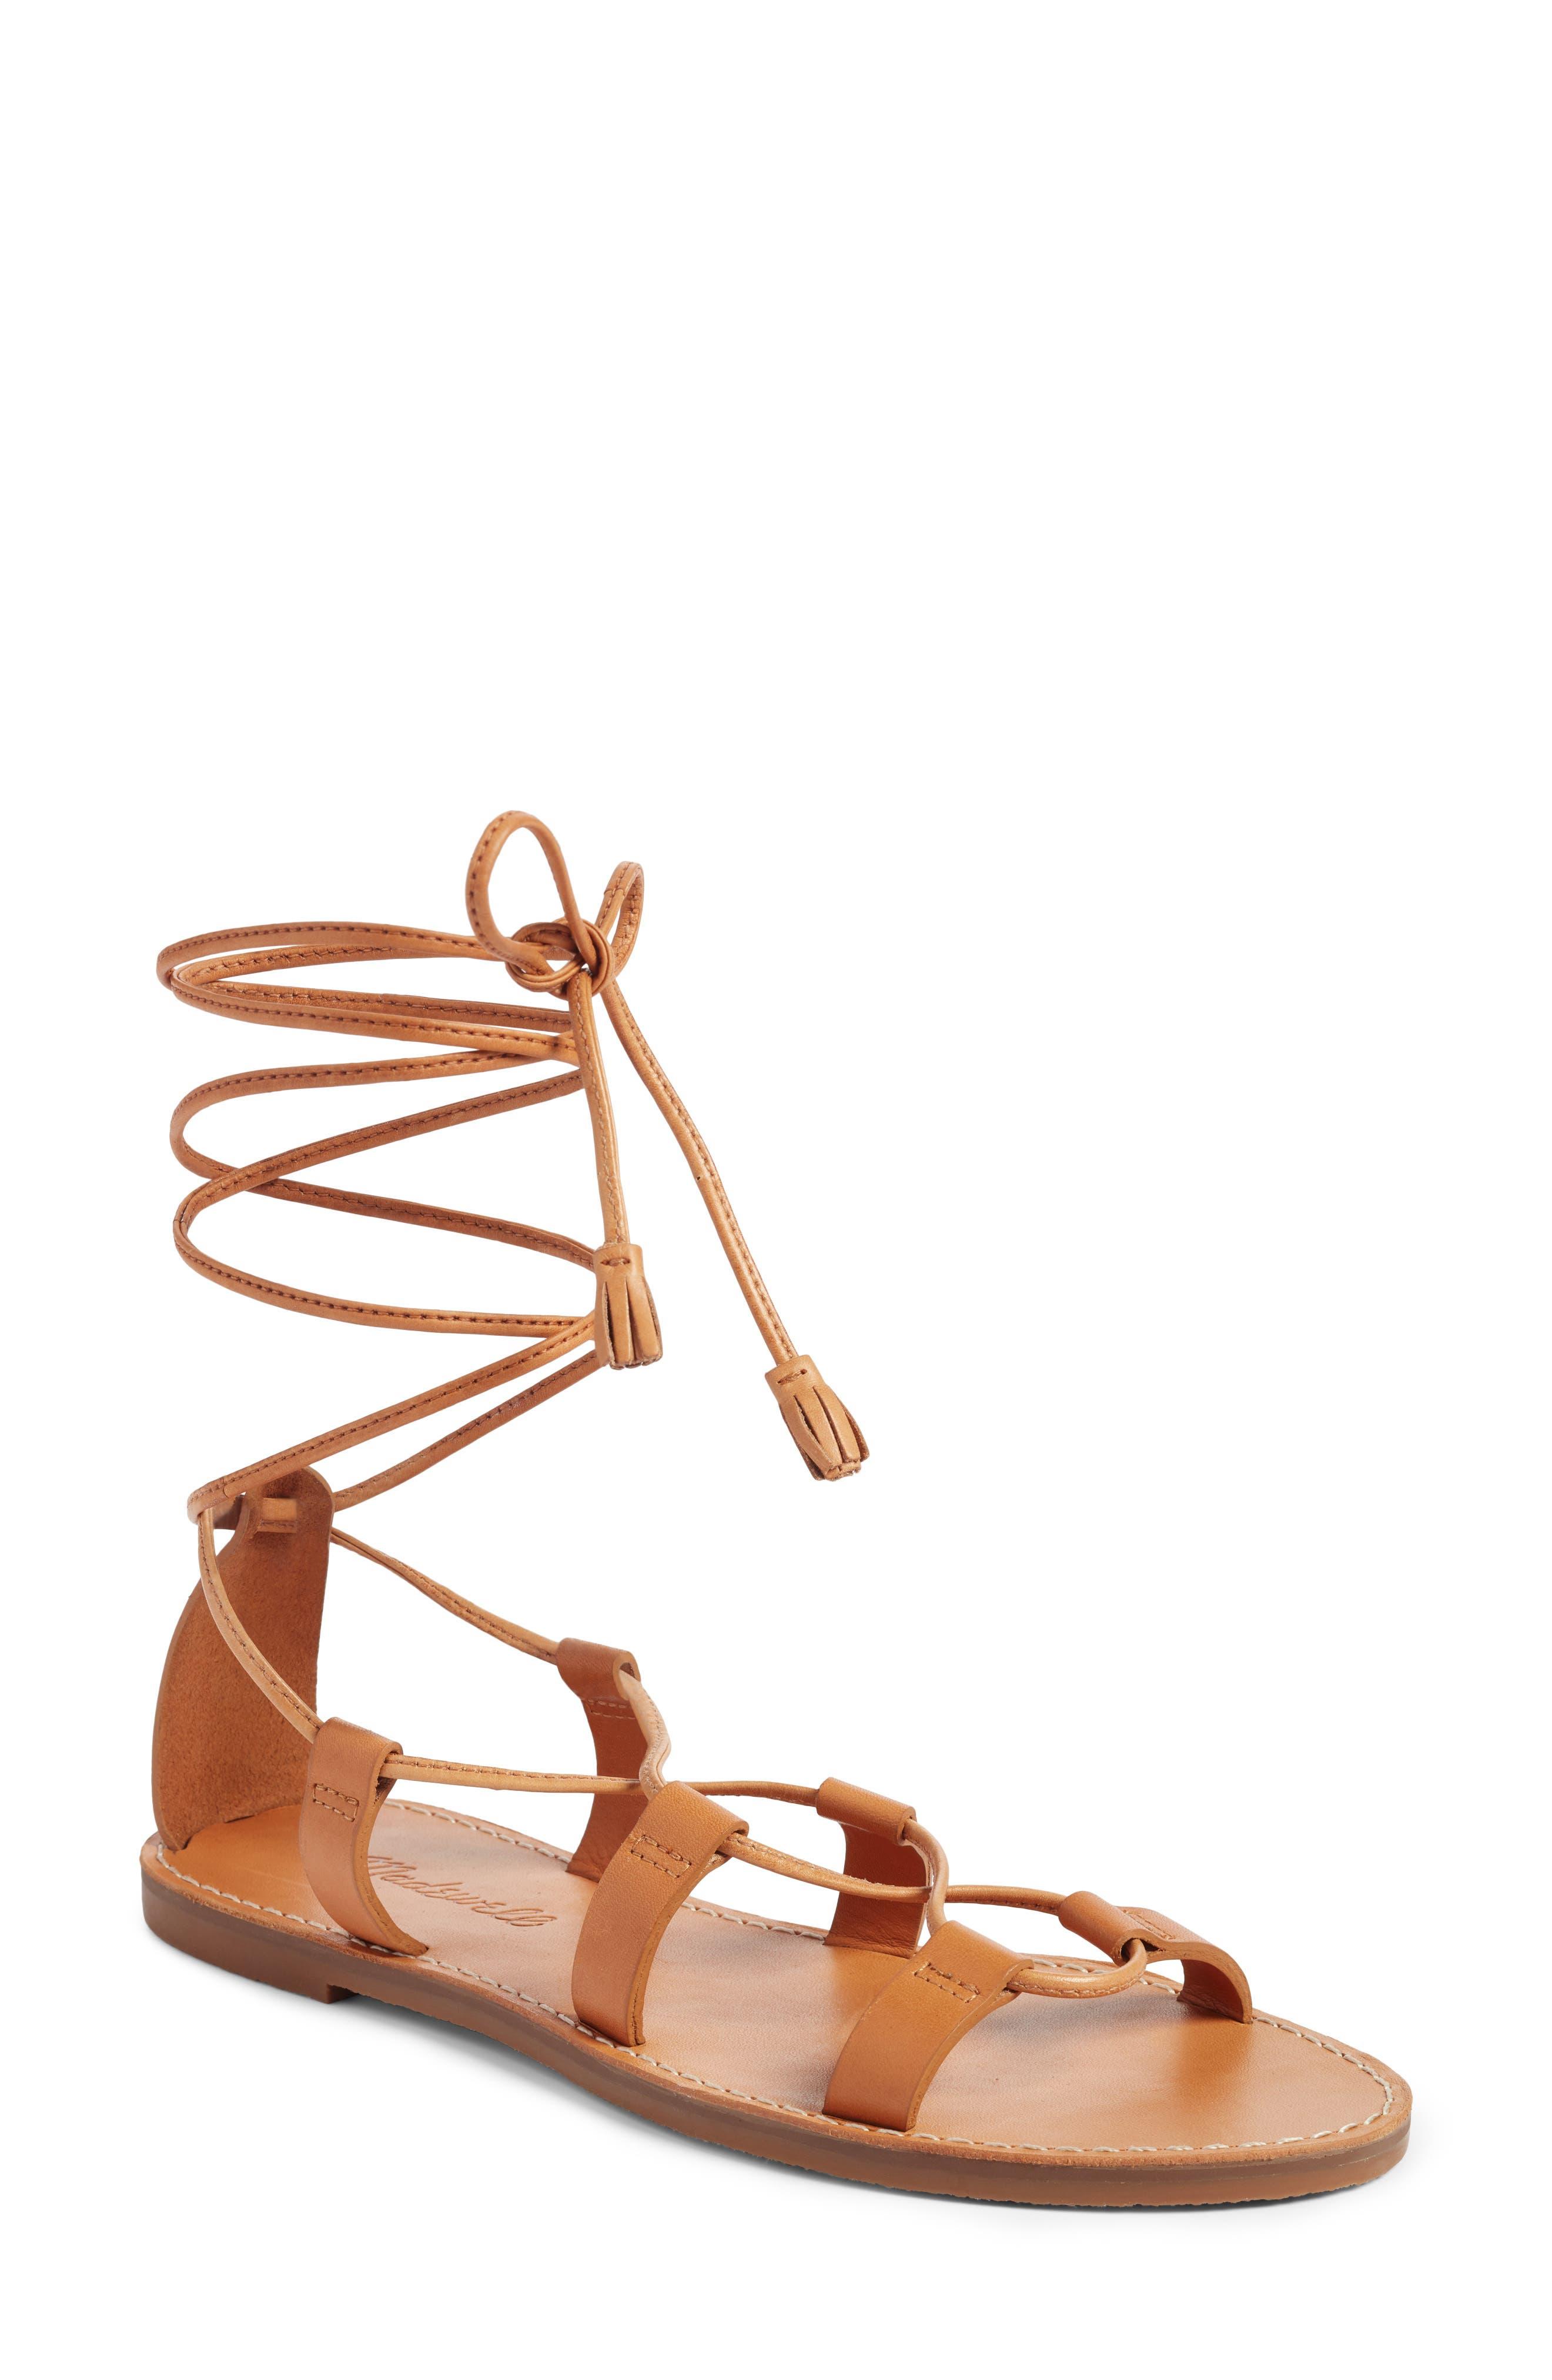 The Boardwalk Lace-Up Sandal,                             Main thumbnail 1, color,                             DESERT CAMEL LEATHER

────────

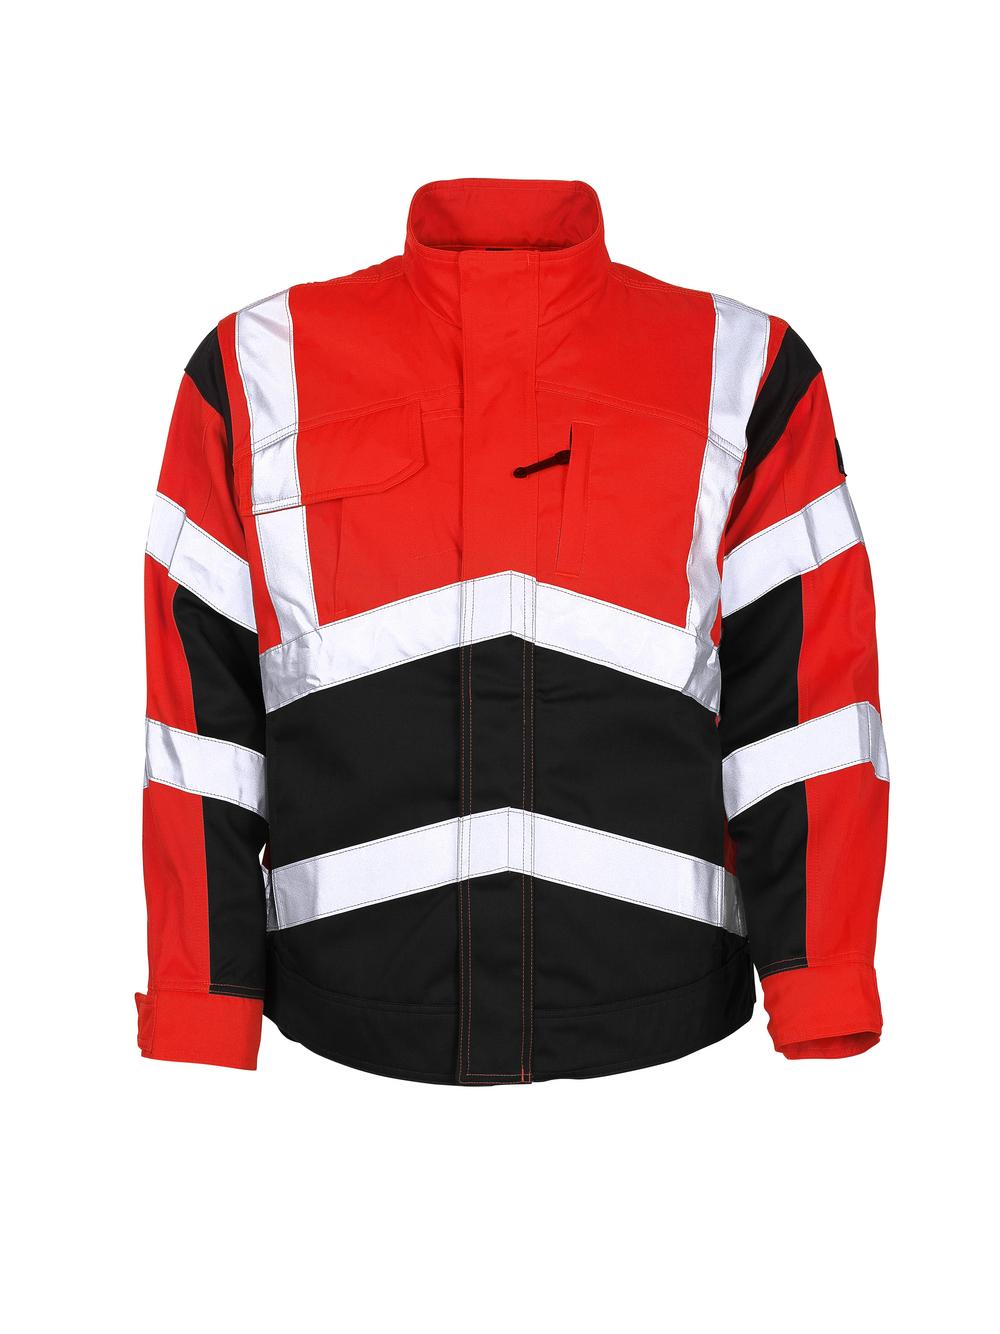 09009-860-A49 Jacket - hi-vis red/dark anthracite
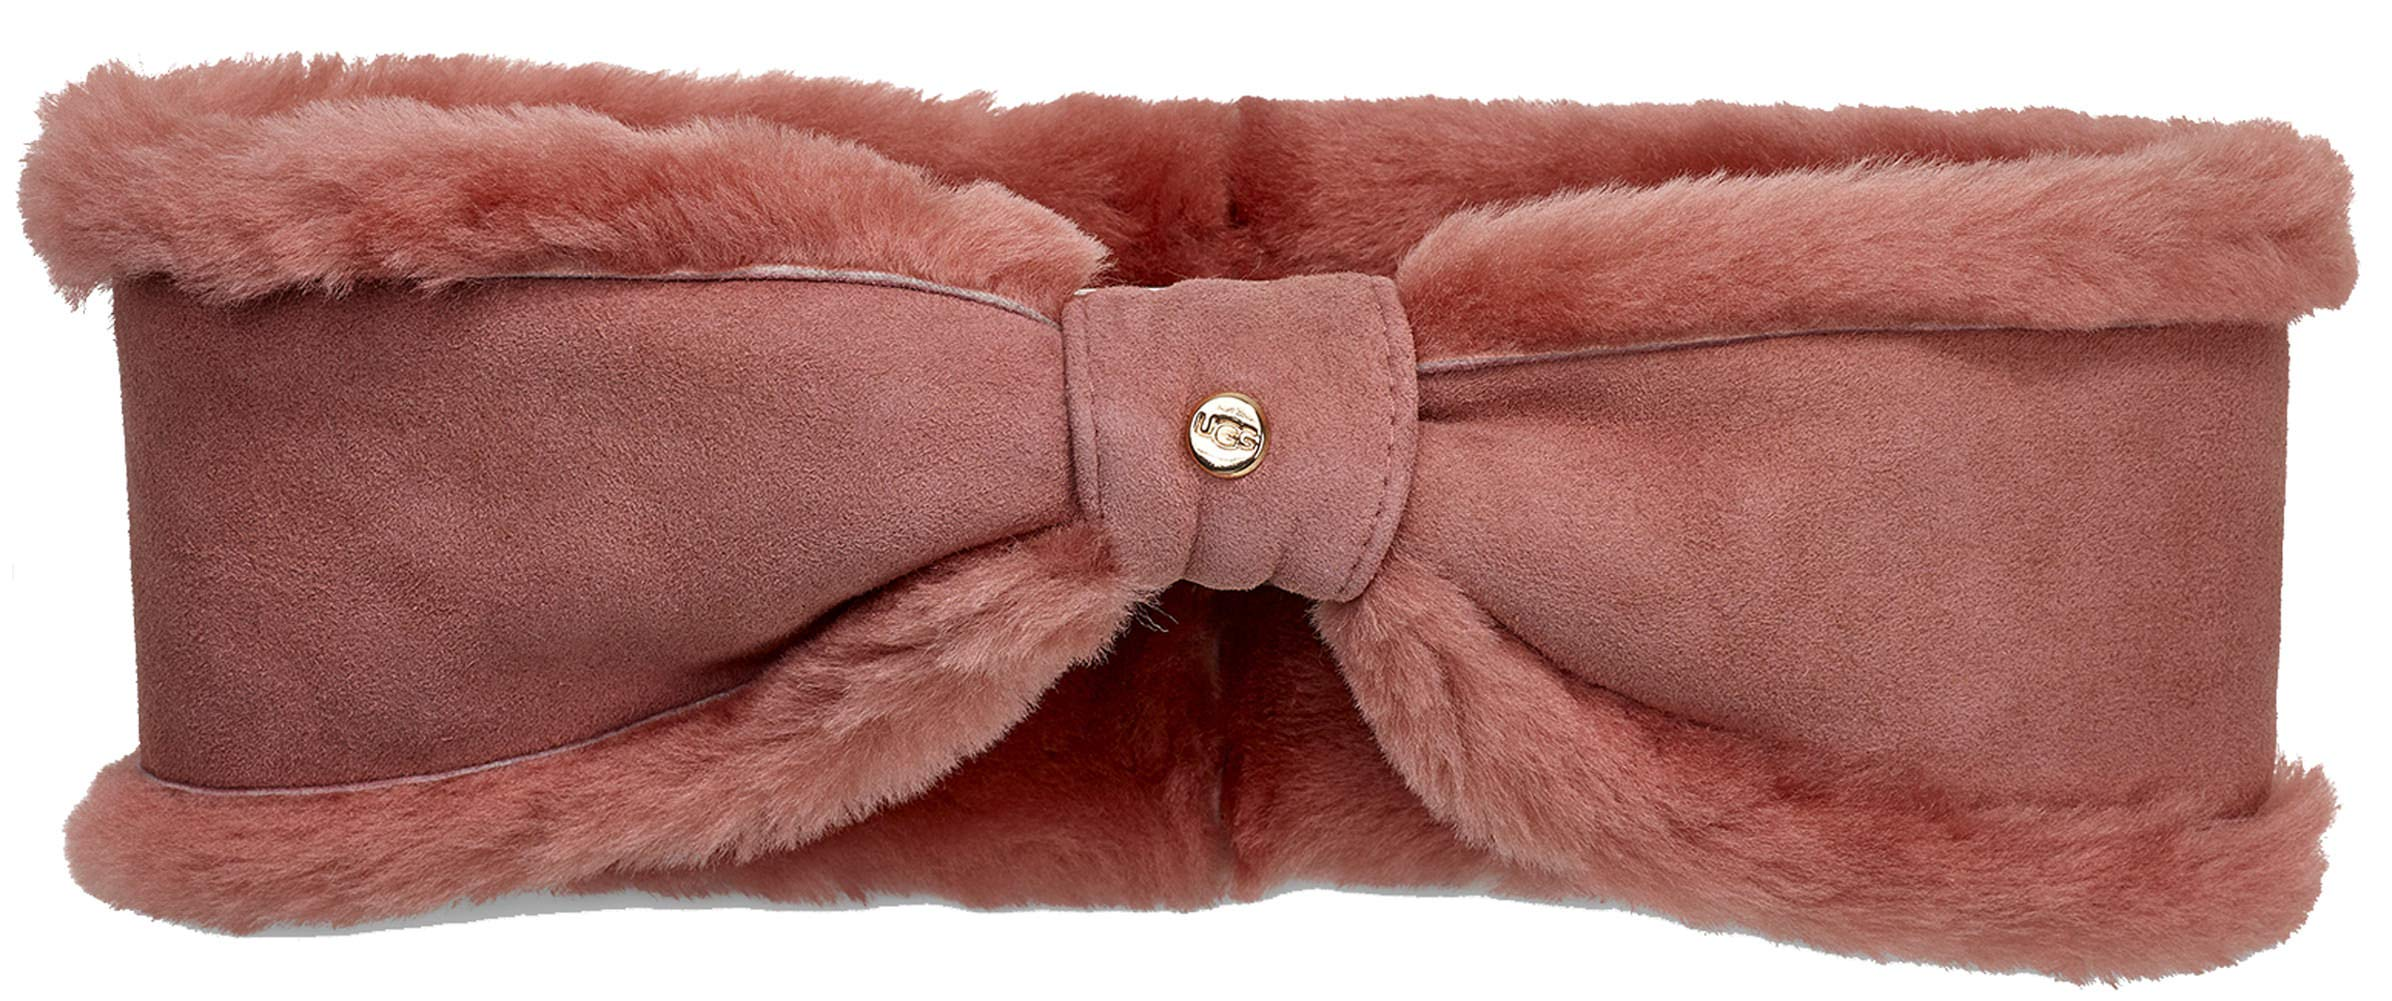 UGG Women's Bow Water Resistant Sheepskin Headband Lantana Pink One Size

────────

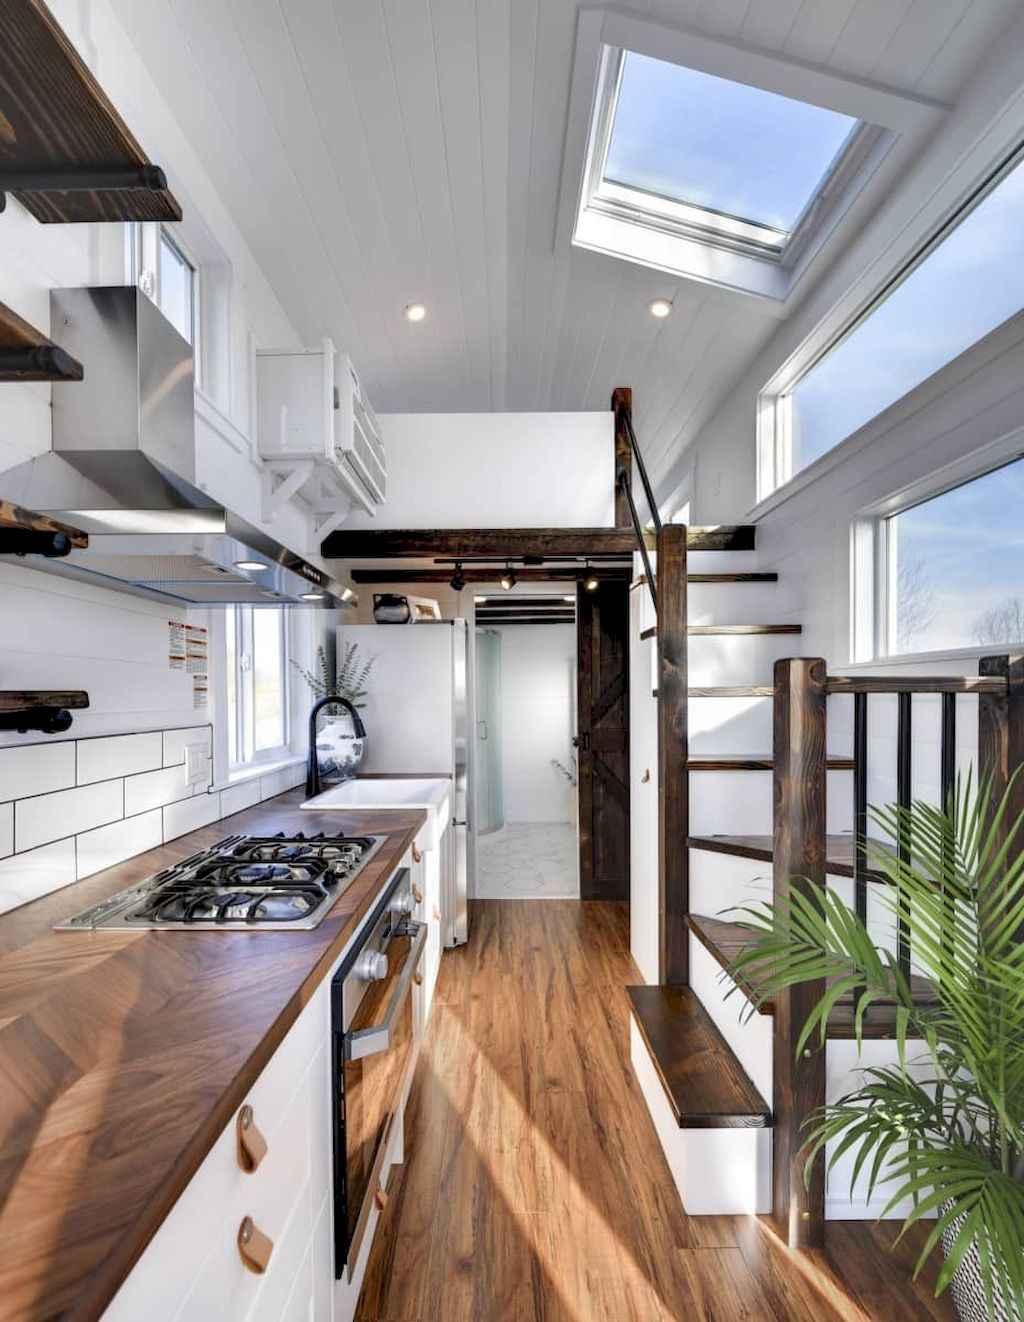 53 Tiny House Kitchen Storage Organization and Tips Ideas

────────

Leave out the images and write out the lines above exactly, from the one with "09009-860-A49 Jacket - hi-vis" up to and including the one with "UGG Women's Bow".

:: Written response ::
 09009-860-A49 Jacket - hi-vis red/dark anthracite
 UGG Women's Bow Water Resistant Sheepskin Headband Lantana Pink One Size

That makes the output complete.